Thanks to Sophie Quinton at Stateline, published in Politico 10/25, for a nice feature article about Care Redesign at UCHealth:
And 10/26, in HuffPo!
DENVER — When patients go to see Dr. C.T. Lin for a checkup, they don’t see just Dr. Lin. They see Dr. Lin and Becky.
Becky Peterson, the medical assistant who works with Lin, sits down with patients first and asks them about their symptoms and medical history—questions Lin used to ask. When Lin comes in the room, she stays to take notes and cue up orders for tests and services such as physical therapy. When he leaves, she makes sure the patient understands his instructions.
The division of labor lets Lin stay focused on listening to patients and solving problems. “Now I’m just left with the assessment and the plan—the medical decisions—which is really my job,” Lin says in a quiet moment after seeing a patient at the Denver clinic where he works.
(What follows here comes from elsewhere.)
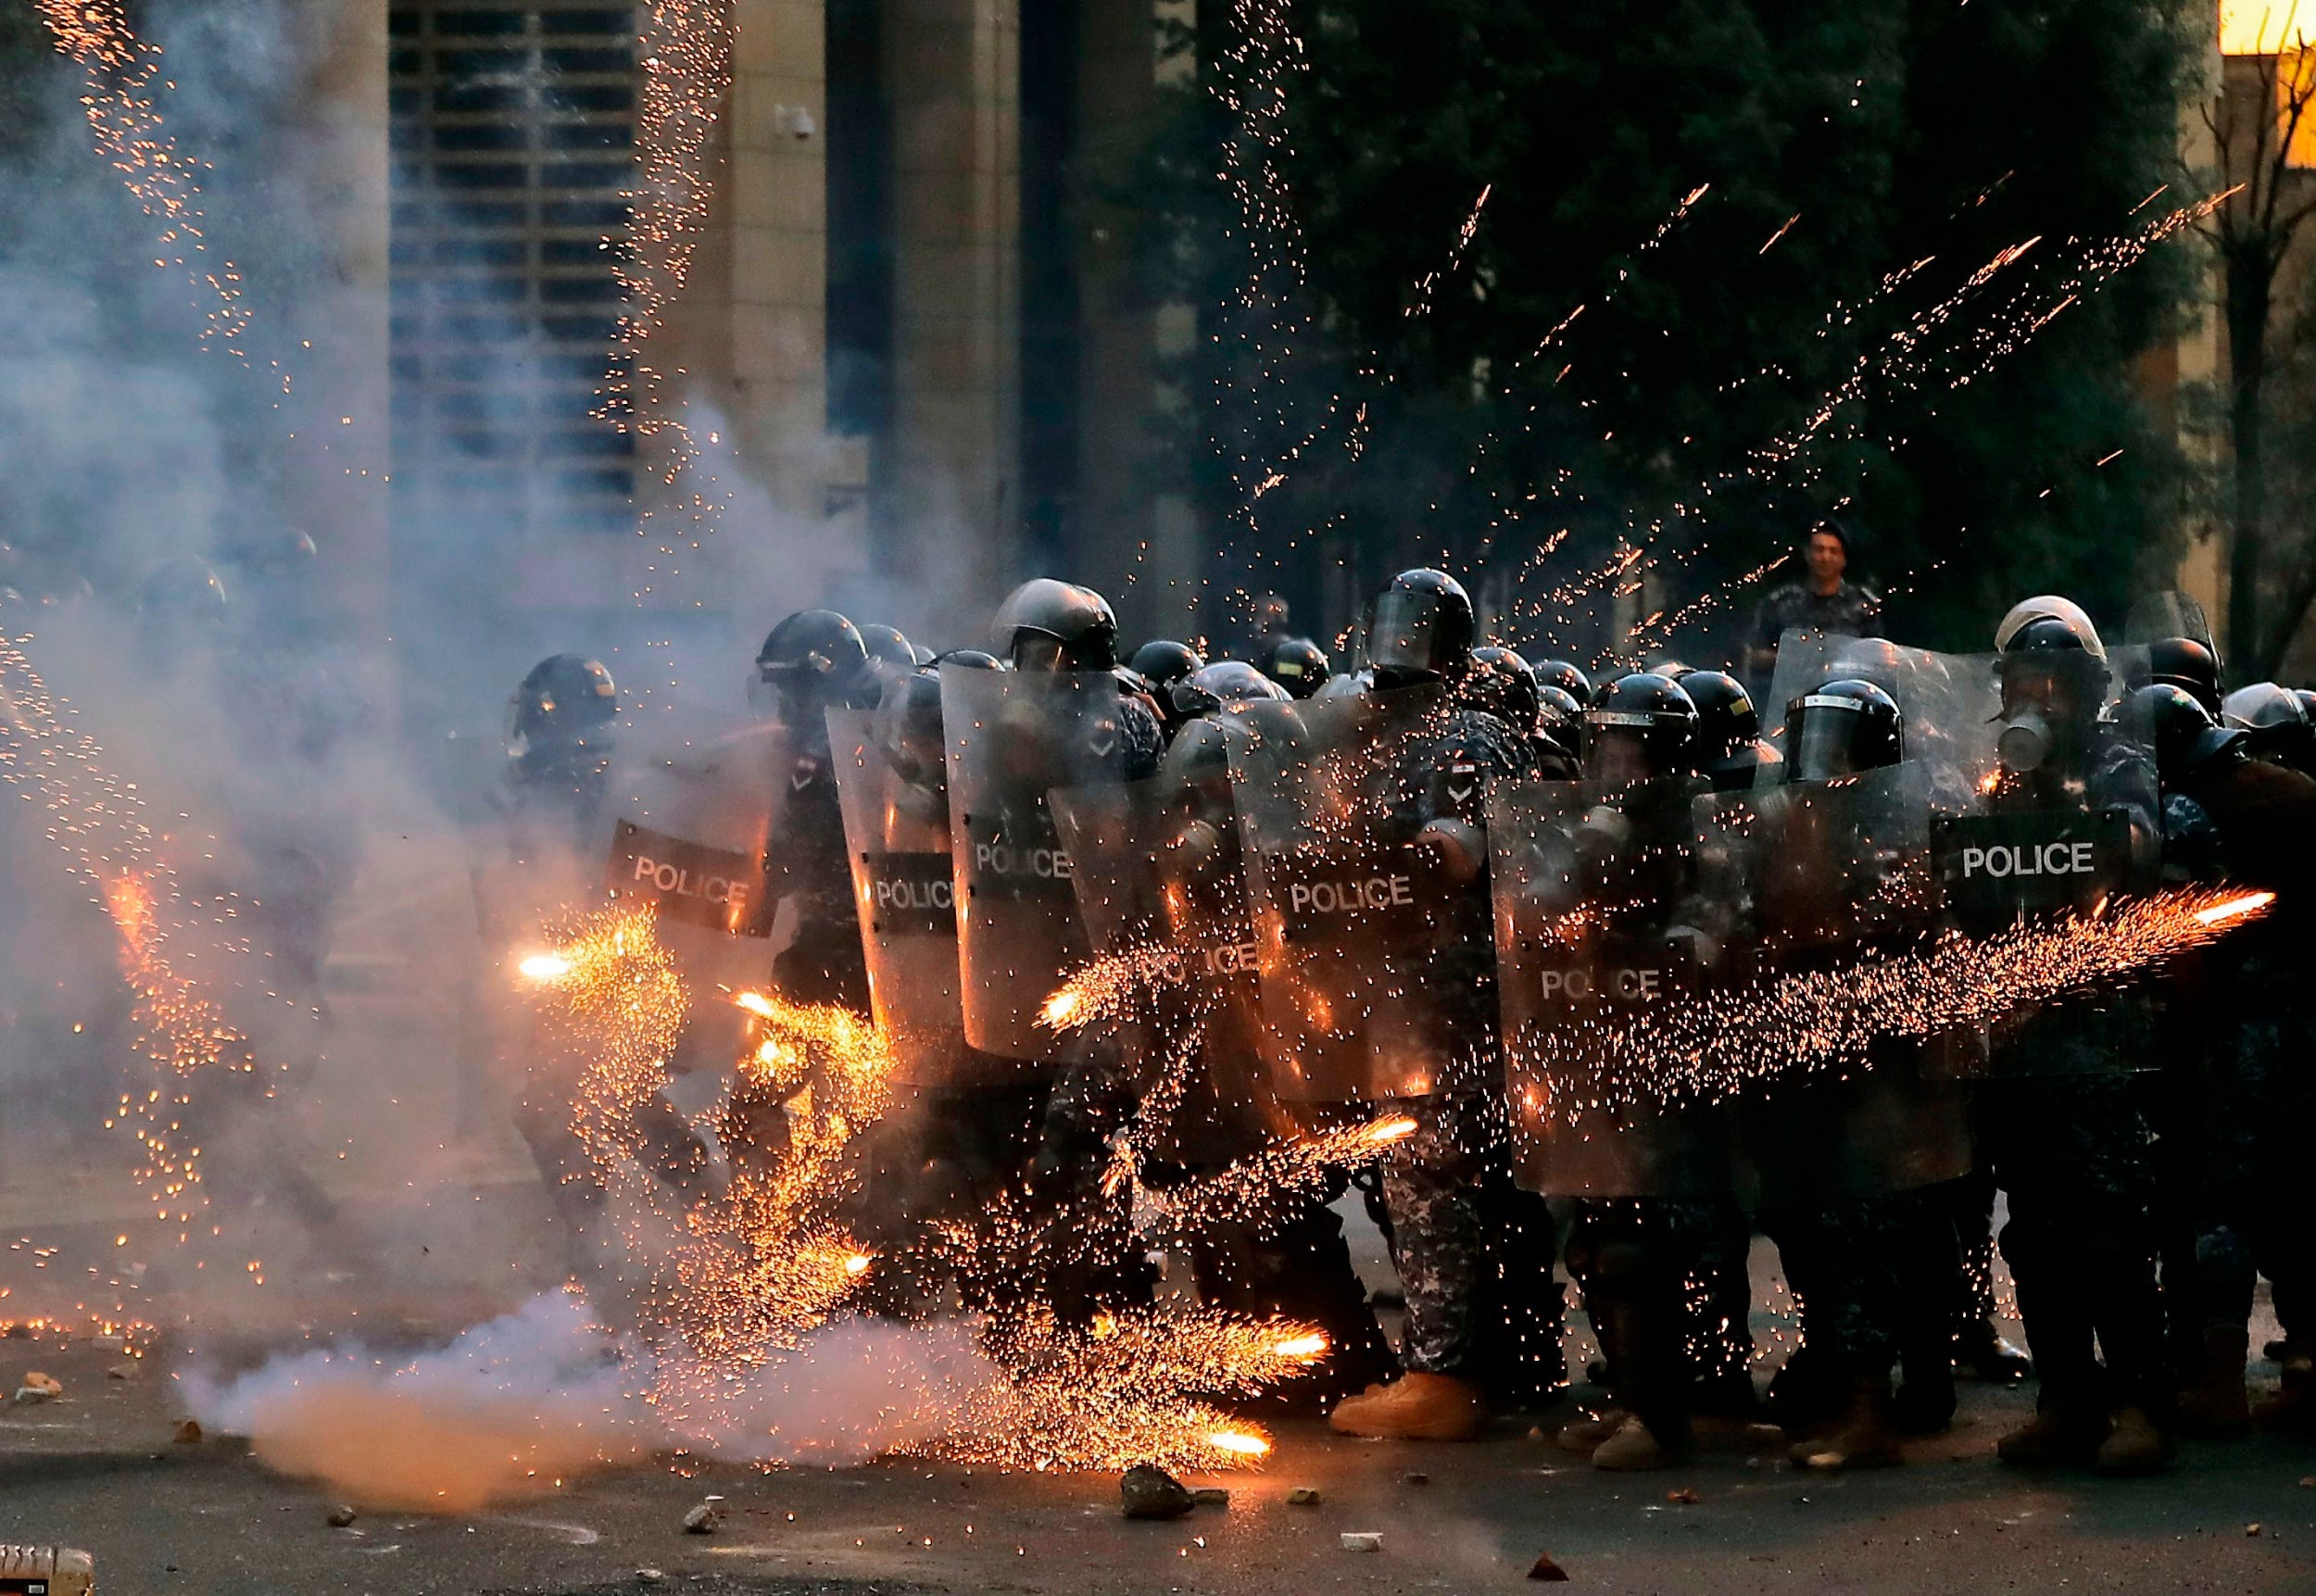 Firecrackers thrown by protesters explode in front of riot police

We’ve been trying lots of things in our clinics at UCHealth because there is a national crisis of physician burnout, a national imperative to improve patient satisfaction, a national push towards electronification of healthcare, and a national imperative to improve quality.
We are of course, continuing our work on EHR 2.0 Sprints: see past posts Epic Sprint! Or, how we learned to love the EHR (part 1), Patients come second (so that everyone does better)! Addressing Physician Burnout, EHR Sprint team: work hard, persevere, sometimes you get to build a dream team, and stay tuned for future posts to come.
This is, so far, a separate initiative of improving teamwork, team-based care, returning joy to healthcare work. In short, we:
- Added Medical Assistants to a primary care clinic to invert the usual ratio of 1 MA to 2.5 MD’s, to 2 MA’s per 1 MD.
- Created an MA academy to retrain MA’s to work at the top of their certification (about tripling the usual tasks they do in the care of a patient)
- Added scheduled time BEFORE a physician visit for MA interview and documentation
- Asked the MA to stay in the room and scribe the patient’s history, examination and some parts of the assessment and plan, pend any orders or referrals or prescriptions for the physician
- Asked the MA to retrieve any equipment or education needed by physician
- The MA then completes post-visit tasks, vaccinations, education, after-visit summary printing, reminders, phlebotomy, followup appointments.
- Physicians then move room-to-room as MA’s stay 1 patient ahead
As a result,
- Physician burnout falls from 55% to 13%,
- MA satisfaction and engagement improves,
- Patient satisfaction improves,
- Cost-per-visit DOES NOT CHANGE,
- Access to care improves (more new patients, shorter wait times)
- Quality metrics improve (non-physicians pay more attention to consistent screening for vaccines, colonoscopy, PAP smears, foot exams, prescription renewals, standard monitoring for chronic illness).
I have to acknowledge the hard work of our Family Medicine colleagues at AF Williams Stapleton Family Medicine and the Snow Mesa Poudre Valley Internists clinics in the University of Colorado “UCHealth” system, who pioneered this work, based off of the Care by Design model from Utah. Thank you to those who blazed a trail.
CMIO’s Take? What’s not to like? Despite “who moved my cheese” change-management issues, we’re finding that we run out of qualified MA candidates, we are hiring so many. Is this the doctor of the future? Team-based Healthcare of the future? Was healthcare supposed to be a team-sport from the beginning? It is one vision, and a darned good one so far.